Василий Иванович, таким образом, осуществил свою давнишнюю мечту. Вспомним, как еще в 1770 году в своем автобиографическом отступлении («Мнение архитектора Баженова о Кремле») зодчий писал: «Если бы только я установиться мог, то б вся веселость была в том, как иметь у себя маленькую партикулярную Академию, к сему уже и приготовляю в Москве мальчиков, с коими уже маленькое начало имею, но только препятствиев к моему намерению весьма есть много».

Школа, организованная Баженовым, просуществовала недолго. Разного рода трудности организационного порядка и постоянные денежные затруднения вынуждали отказаться от желанной затеи. Не удалось зодчему в полной мере осуществить и другой план — учредить в Москве постоянно действующую публичную художественную галерею, где выставлялись бы не только картины, но и работы архитекторов, их эскизы, чертежи, проекты.

В поисках заработков Баженов вынужден соглашаться на живописные работы. В 1782 году ремонтировался Донской монастырь. Собор заново расписывался фресками. В этой работе принял участие и Василий Иванович. По его эскизам работал художник А. И. Клаудо. Иногда Баженов и сам участвовал в живописных работах.

Соборная роспись затем подновлялась, переписывалась. Поэтому трудно сказать, что осталось от кисти самого Баженова.
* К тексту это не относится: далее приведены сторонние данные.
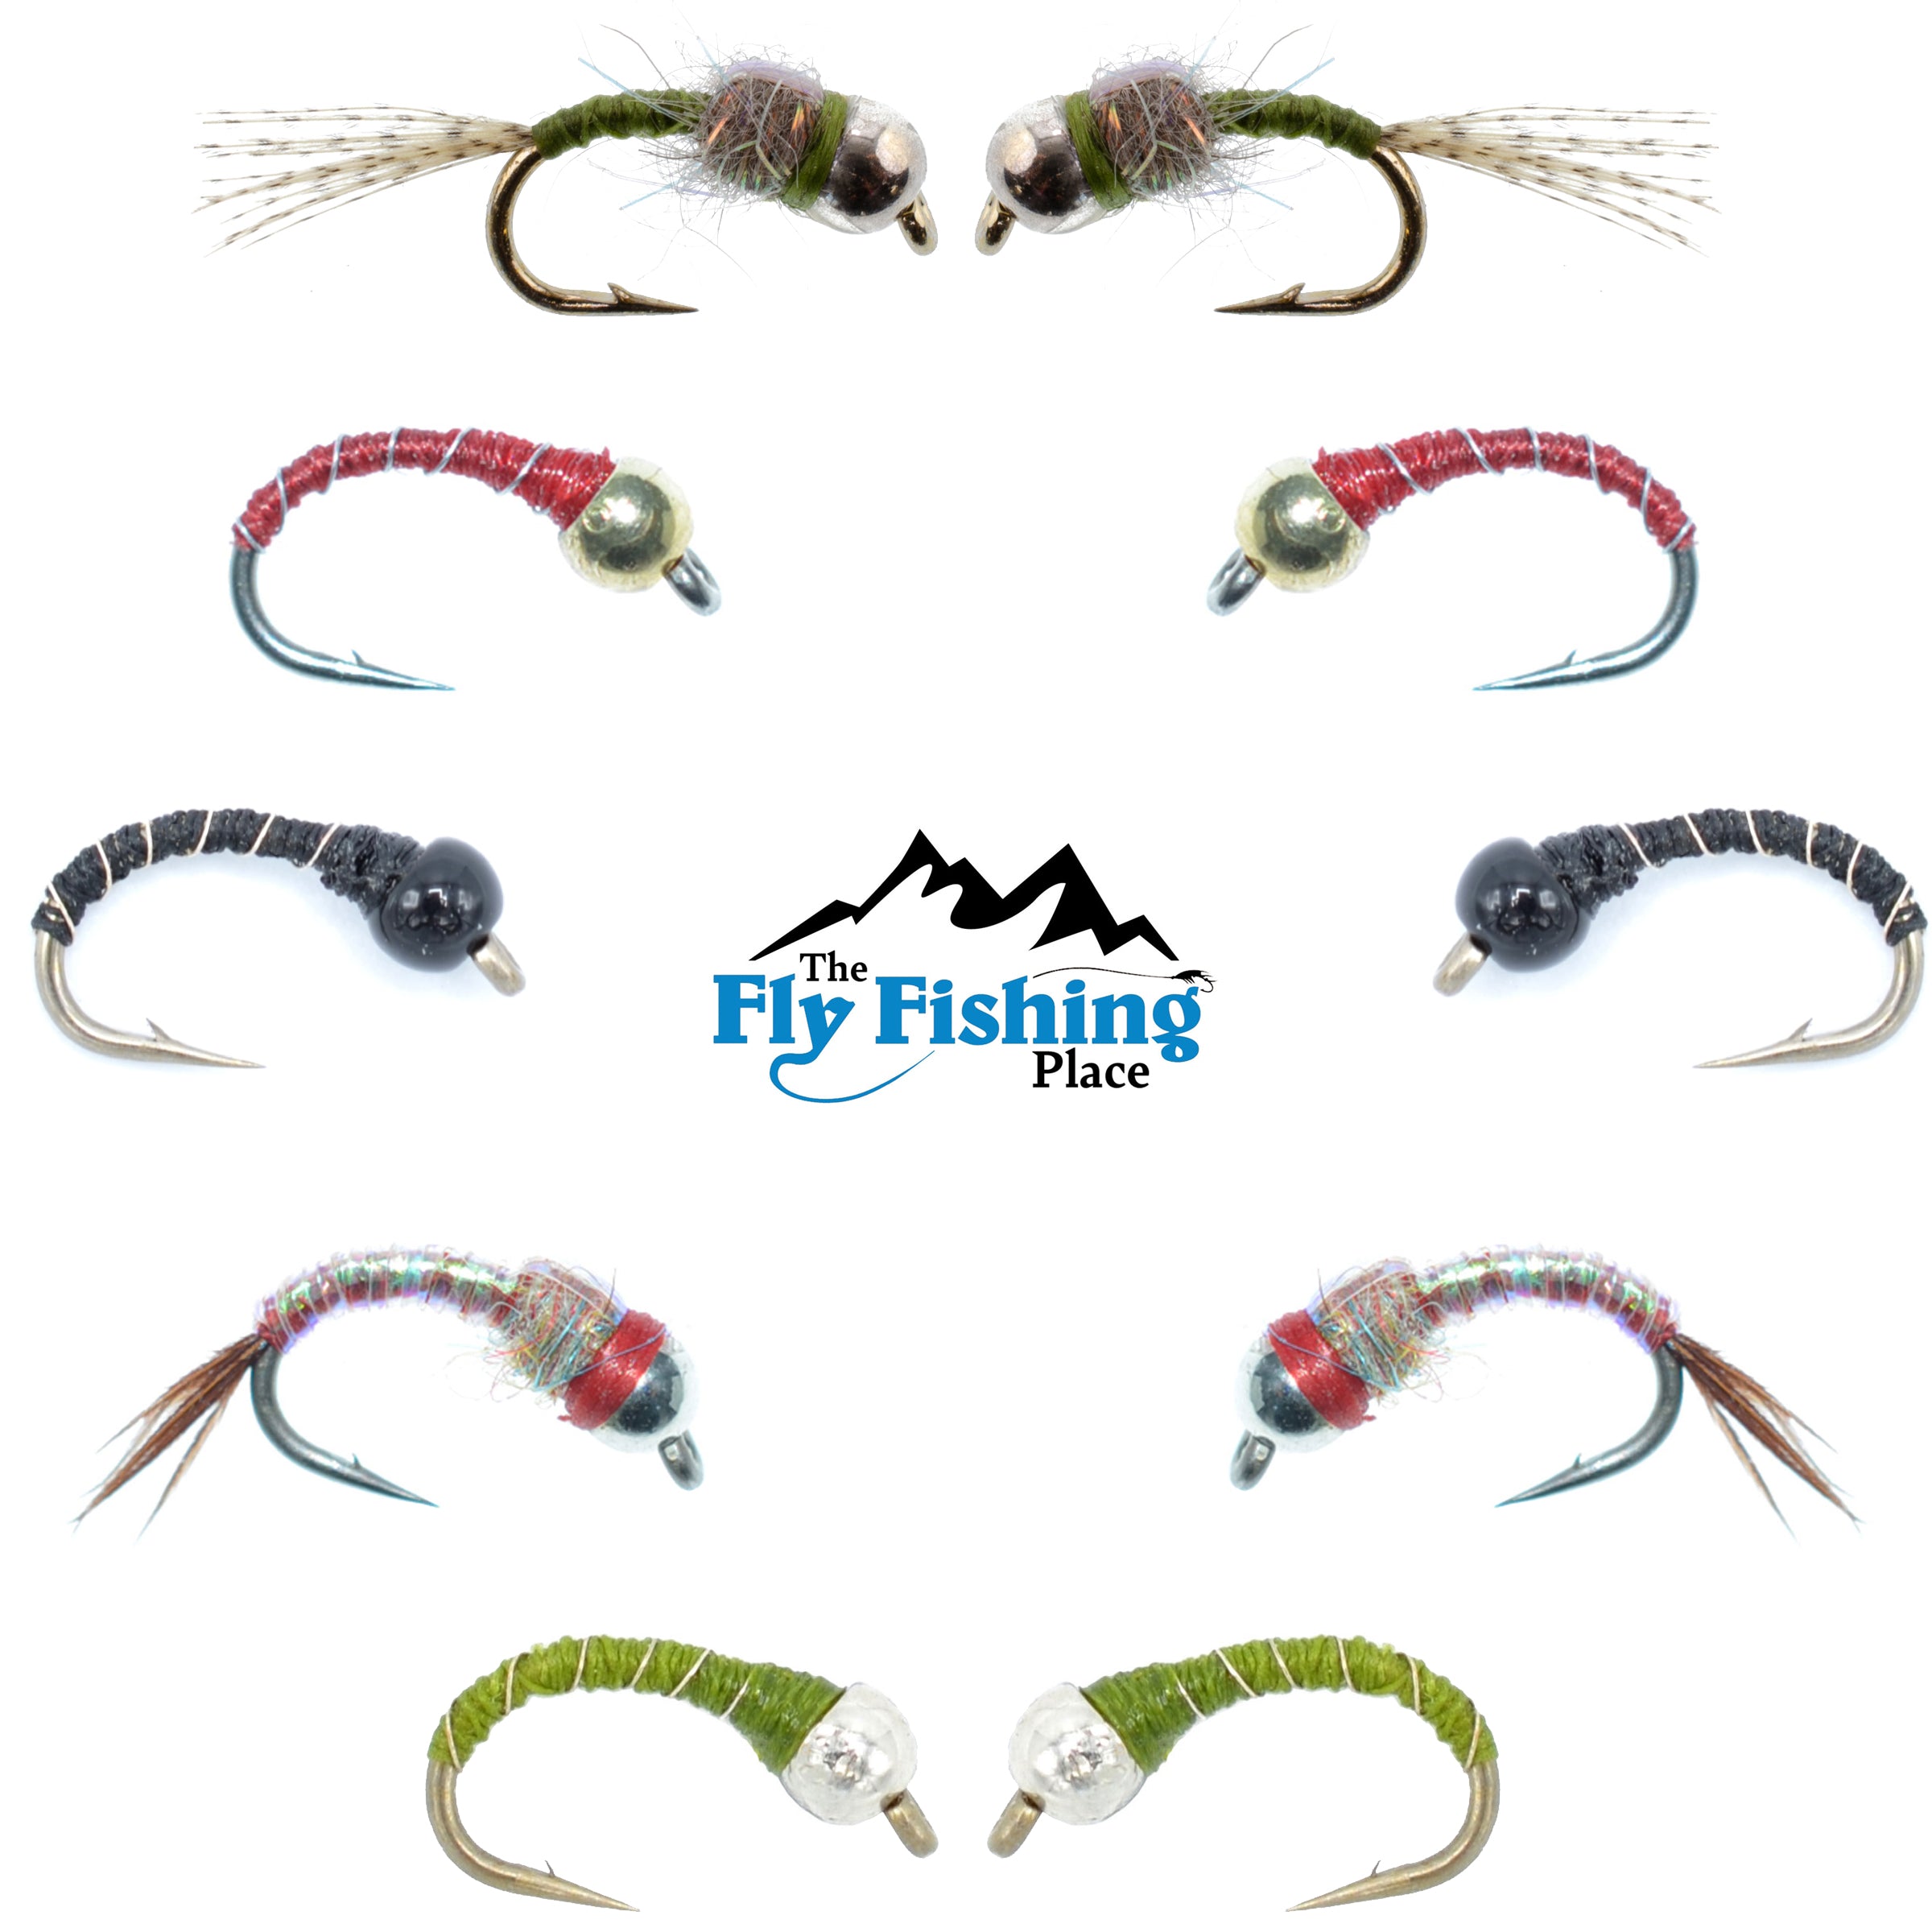 hopper type trout fishing flies are a must for any serious fly fisher.

Исследователи предполагают, что его рисунок на историческую тему («Татары у стен Кремля») сделан специально для росписи Донского монастыря. Другую художническую работу Баженов выполнил для церкви Ивана Воина в Замоскворечье, на Якиманке (ныне улица Димитрова). В «Русских достопримечательностях» дается такое описание исполненного им иконостаса: «В 1791 году новый иконостас в четыре яруса с позолоченными колоннами и резьбою (на царских дверях резное изображение «сошествия во ад») сделан по рисунку знаменитого в свое время архитектора и первого вице-президента Василия Ивановича Баженова. Одновременно с иконостасом была устроена над престолом деревянная с орнаментами сень на 6 колоннах, составленная, собственно, из двух крестообразно положенных дуг, по карнизу ее малые образа, числом 8, поставлены были в деревянных кругах».
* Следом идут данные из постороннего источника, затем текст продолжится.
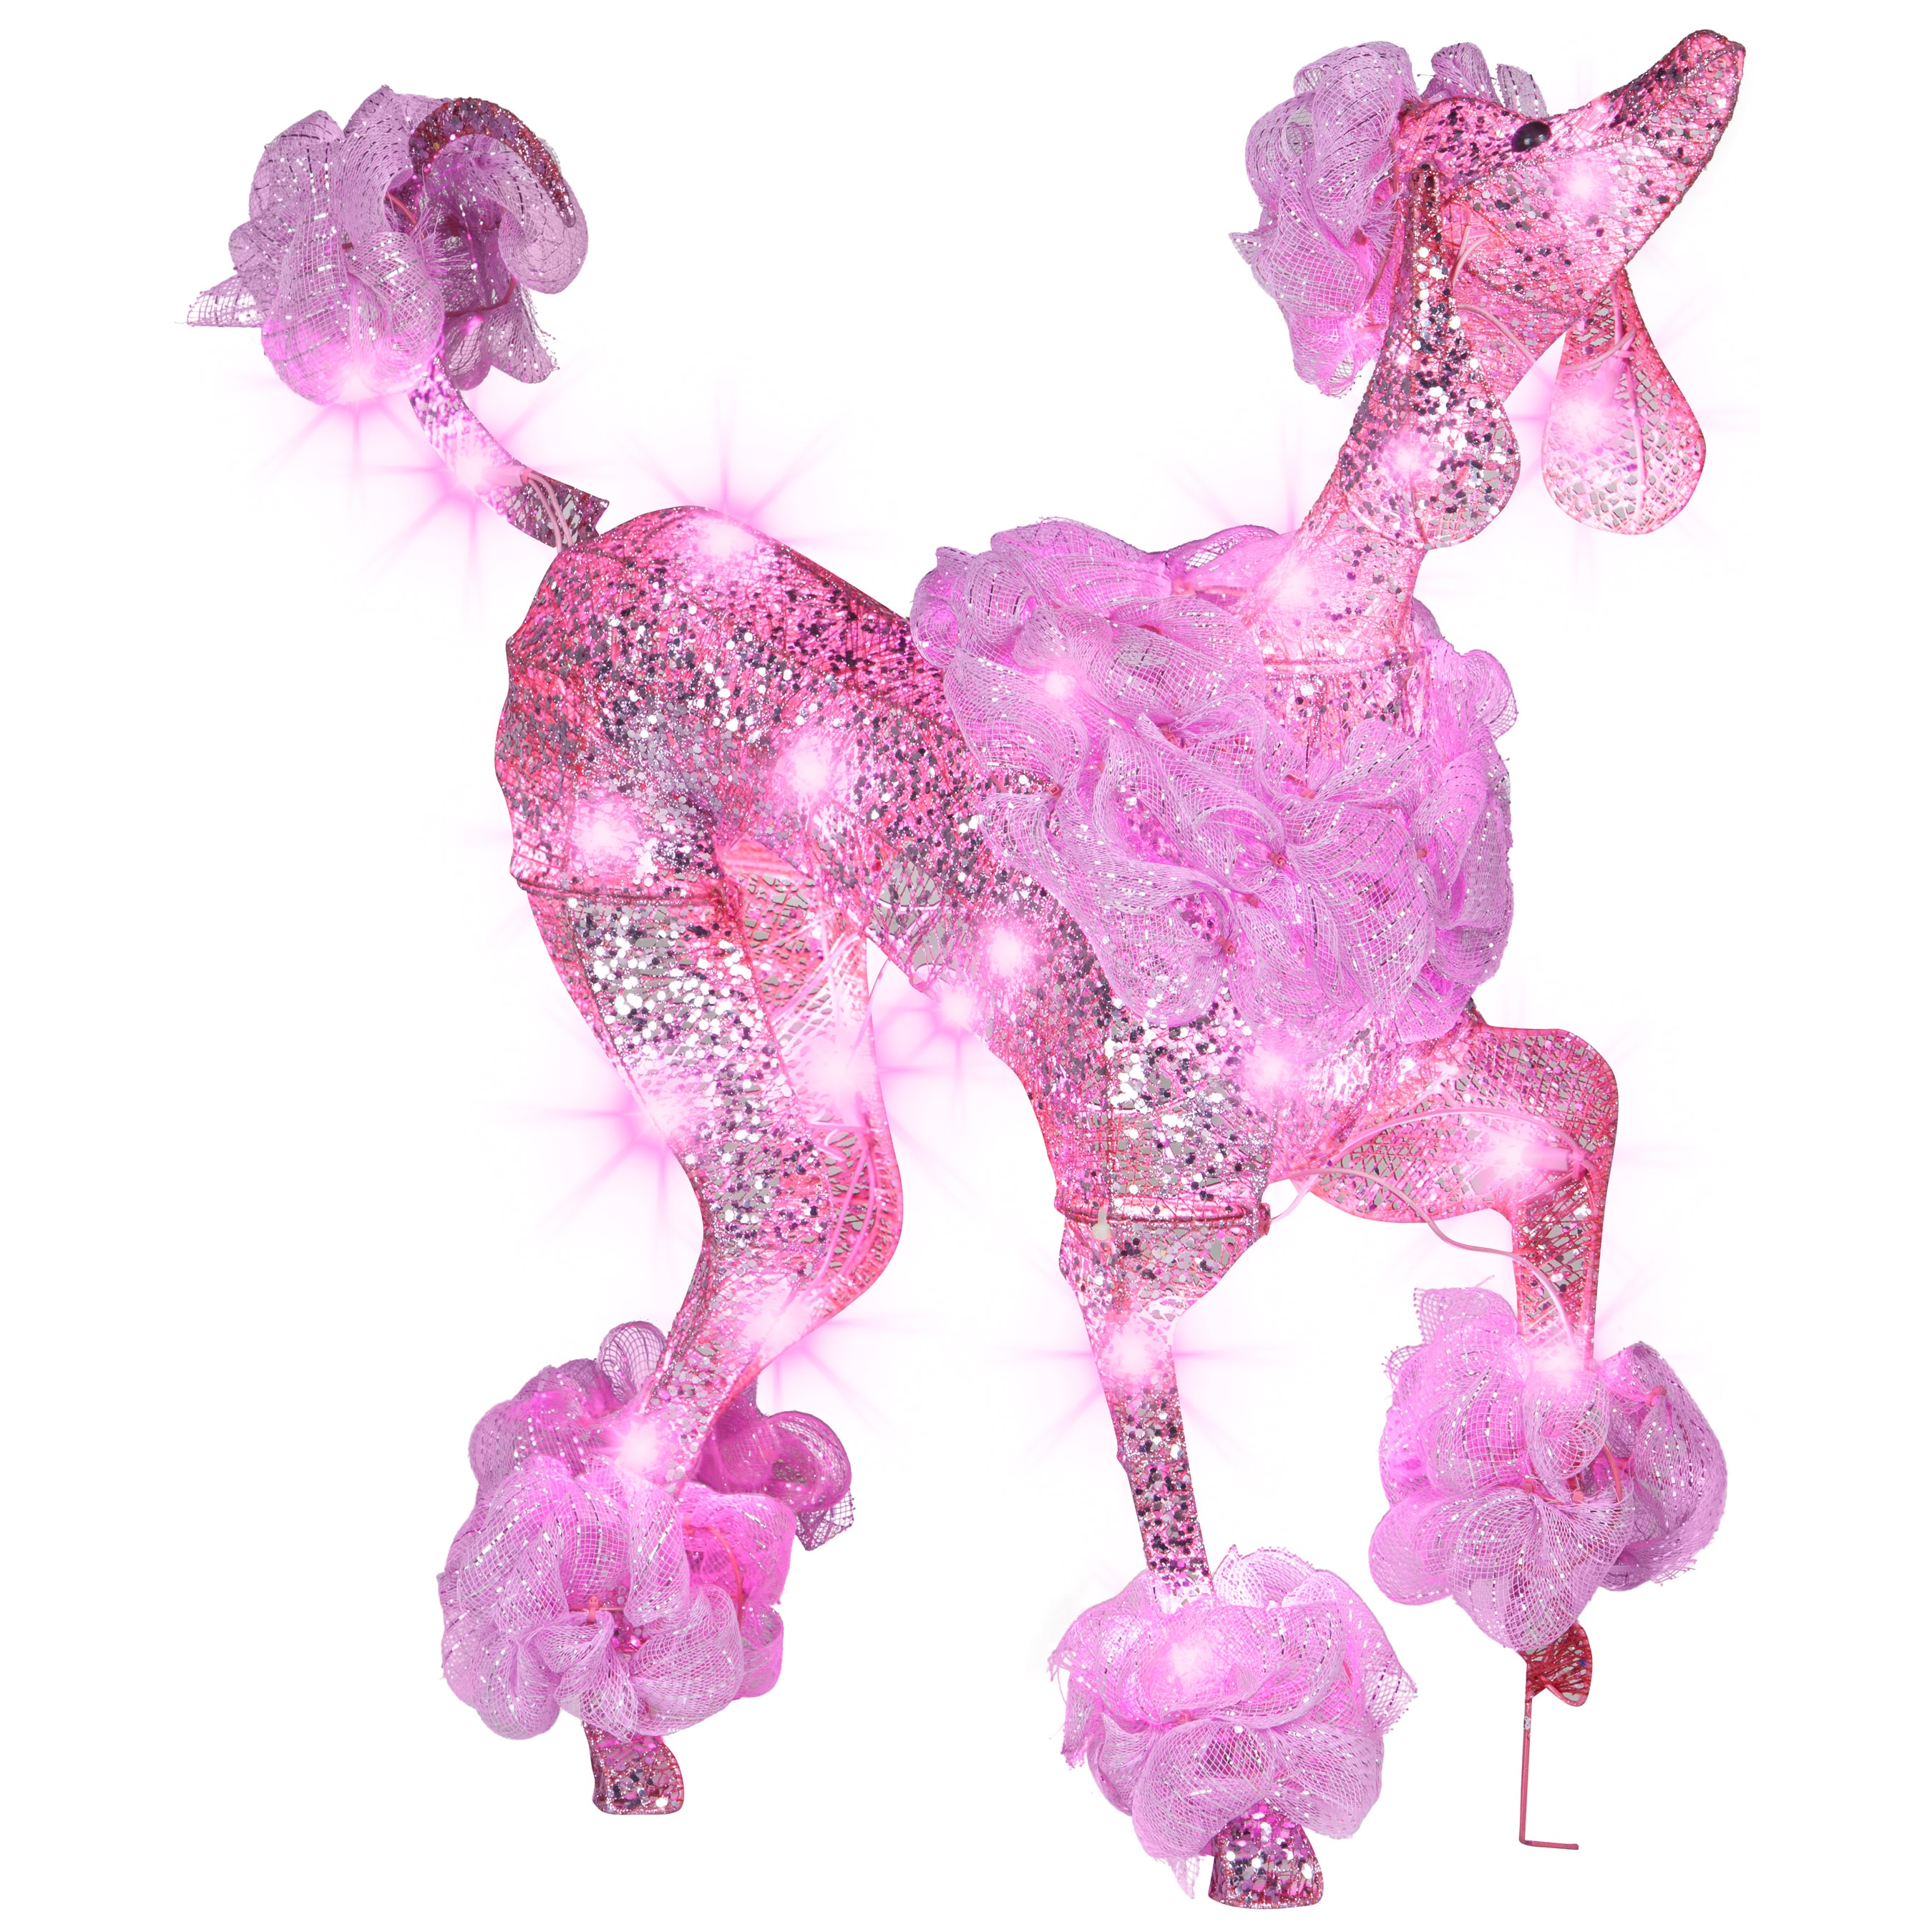 are pink poodles real

Это сооружение в 1859 году, при обновлении храма, было уничтожено по распоряжению митрополита Филарета, который, впрочем не без оснований, нашел, что иконостас не соответствует масштабам храма.

***

«Масоны стремились использовать просветителей, поскольку у тех были идеи, расшатывавшие существующий строй. В свою очередь, масонство могло предложить высшую форму конспиративной организации. Однако критика существующих режимов велась теми и другими с разных позиций, и по мере осознания несовместимости позитивных целей передовые люди отдалялись от масонства, а Радищев, например, отзывался о нем резко отрицательно», — замечал в своей работе «Русское просветительство XVIII века» советский исследователь, доктор исторических наук А. Г. Кузьмин.

Выступая вроде бы с позиций политического либерализма и религиозного свободомыслия, проповедуя утопическую картину «райского труда» в будущем космополитическом государстве, масоны вместе с тем были далеки от революционных идей, от интересов народа.

Показателен в этом смысле такой пример. Накануне французской революции Радищев после длительного молчания вновь взялся за перо, вернулся к литературной деятельности. В 1789 году он публикует «Житие Ф. В. Ушакова», где характеризует нравы бюрократии и рассматривает их как неизбежный результат политического строя.

В следующем году выходит другая знаменитая книга Радищева — «Путешествие из Петербурга в Москву». И вновь он проявляет себя глубоким реалистом, показывает нужды крестьянства, описывает существующие нравы, выступает против холопства, слепого прислуживания начальству и высказывает мысль, что свободная и добродетельная личность — это человек, который верен своей совести, высшим идеалам, а не деспотам и знатным господам. Эту же революционную мысль Радищев проводит и в другой своей работе — в «Беседе о том, что есть сын отечества». Он пишет, что «истинным сыном отечества» не может быть ни рабовладелец, ни послушный раб и слепой исполнитель воли начальника».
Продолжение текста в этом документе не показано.